Scripture is replete with exhortations against such marriages (in both the Old and New Testaments). Contrary to popular misconception, God’s prohibition against marriages to foreign women in the Old Testament was not due to racism. Instead, God was simply preventing the spread of idolatry. Israel, God’s chosen people in the Old Testament, represented what Christians would later represent in the New Testament. Hence, God’s prohibition against marrying an unbelieving woman in the New Testament (2 Cor 6:14) is simply the extension of God prohibiting a Hebrew man from from marrying a Canaanite woman in the Old Testament (Deut 7:3-4). “Do not intermarry with them. Do not give your daughters to their sons or take their daughters for your sons, for they will turn your children away from following me to serve other gods, and the LORD’s anger will burn against you and will quickly destroy you” (Deut 7:3-4).

2. The Divorcee.
Jesus clearly taught that unless the first marriage ended due to a partner’s sexual infidelity, a second marriage is to be considered invalid and adulterous. A divorced woman, therefore, is off limits for a Christian man–unrepentant adultery being a sin that prevents one from obtaining eternal life (1 Cor 6:9). “If she divorces her husband and marries another, she commits adultery” (Mark 10:12). “And I say to you: whoever divorces his wife, except for sexual immorality, and marries another, commits adultery” (Matthew 19:9).

3. The Older Woman.
Not a sin, but certainly not God’s ideal. God expects men to be the spiritual leaders of the home (Eph 5:25) and it certainly requires an extra measure of grace to lead a woman who’s older than you. Again, if you’re a man and you’re already in such a marriage, then honor it till the day you die–it’s still a valid marriage and divorce is not an option! However, if you’re not yet married but thinking about an older woman I want to remind you that God intentionally (with good reason!) created Adam before Eve in the First Marriage. Scripture informs us that God created man first chronologically for the sake of authority! Listen: “I do not permit a woman to teach or to exercise authority over a man; rather, she is to remain quiet. For Adam was formed first, then Eve” (1 Timothy 2:12-13).

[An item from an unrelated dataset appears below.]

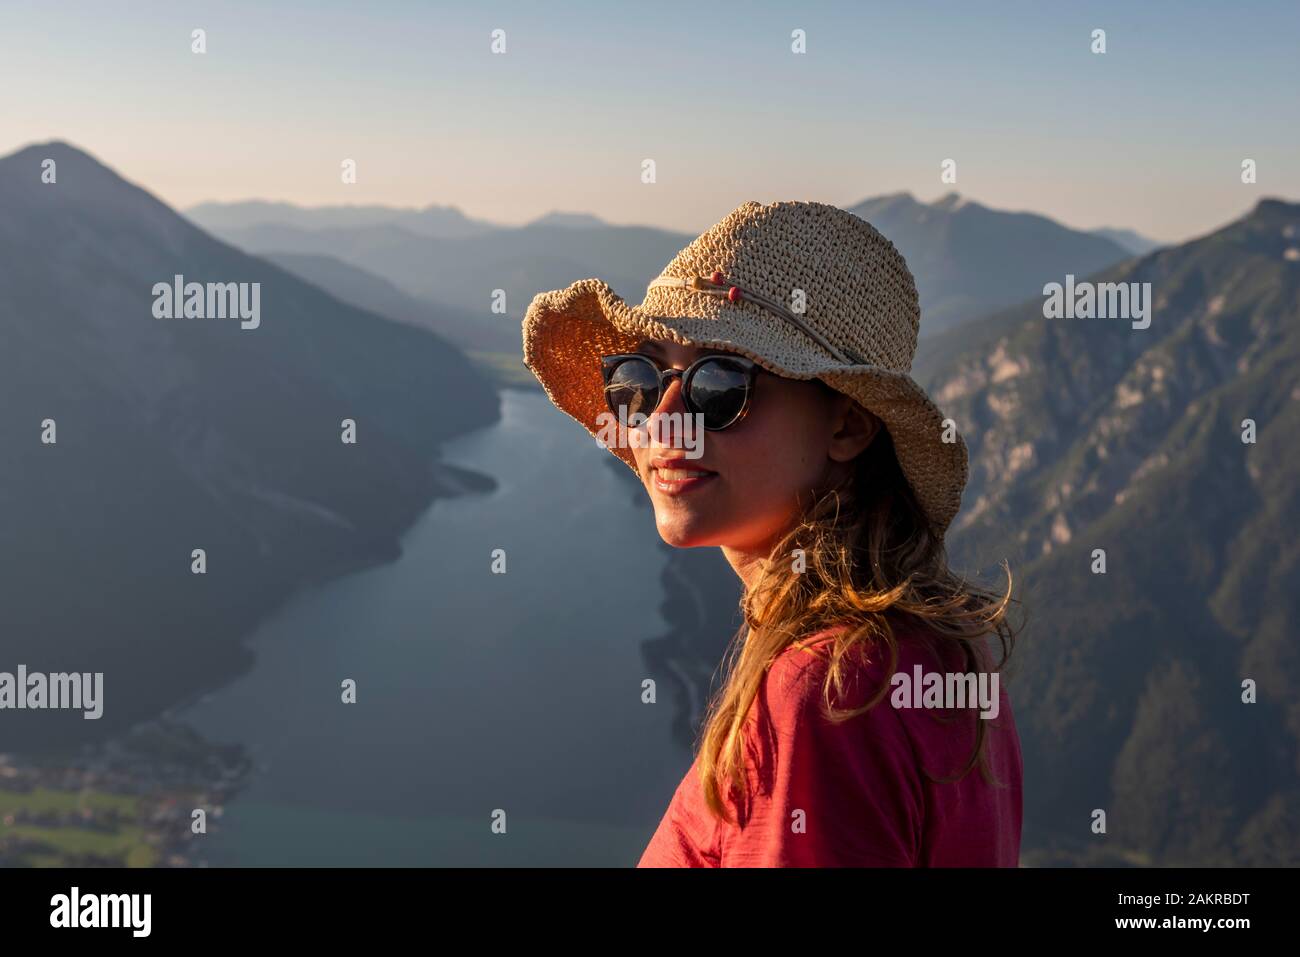 Young woman with sunglasses and sun hat, in the back mountain landscape with Lake Achensee, view from the mountain Baerenkopf, Tyrol, Austria Stock Photo

Apparently, even secular researchers are now beginning to discover results that back up biblical claims: “If you’re a woman two or more years older than your husband, your marriage is 53 percent more likely to end in divorce than if he was one year younger to three years older.” (Source: Rebecca Kippen, Bruce Chapman and Peng Yu, “What’s Love Got to Do With It? Homogamy and Dyadic Approaches to Understanding Marital Instability,” Melbourne Institute of Applied Economic and Social Research, 2009.)

4. The Feminist.
There’s no room within Christendom for the “Christian feminist.” Though women and men have equal value in the eyes of God (Gal 3:28), they certainly have different God-given roles. Any woman who tries to usurp her husband’s authority or even claims to be a co-leader with her man is gravely dishonoring the God who created her to be subject and obedient to her husband (Eph 5:22, Col 3:18, 1 Pet 3:1). Eve was distinctly created “for” man, a point that the apostle Paul makes abundantly clear in 1 Corinthians 11 when he writes, “For man was not made from woman, but woman from man. Neither was man created for woman, but woman for man.” (1 Corinthians 11:8-9). Men, your wife is to be your “helper” (Gen 2:18)–not your leader and certainly not your equal in terms of authority. Look for a woman who agrees with you in this very vital God-ordained relational dynamic.

5. The Sexy-Dresser.
Sexy might inadvertently catch your eyeballs, but it shouldn’t catch your heart. The way that a woman is willing to expose herself says much about her heart: “And behold, the woman meets him, dressed as a prostitute, wily of heart” (Proverbs 7:10). The text in Proverbs explains that a woman will dress in a certain way to catch a certain type of man. Don’t be that man. Don’t be the fool who’s led by his hormones instead of the Holy Spirit. Remember: you want godly, not gaudy.

6. The Loud-Mouth.
Women may love to talk, but there’s wisdom in looking for a woman who speaks with wisdom. Gossip and slander are not good things to have in your marriage. Desperate housewives make for desperate husbands. “Besides that, they learn to be idlers, going about from house to house, and not only idlers, but also gossips and busybodies, saying what they should not.” (1 Timothy 5:13).

7. The Child-Hater.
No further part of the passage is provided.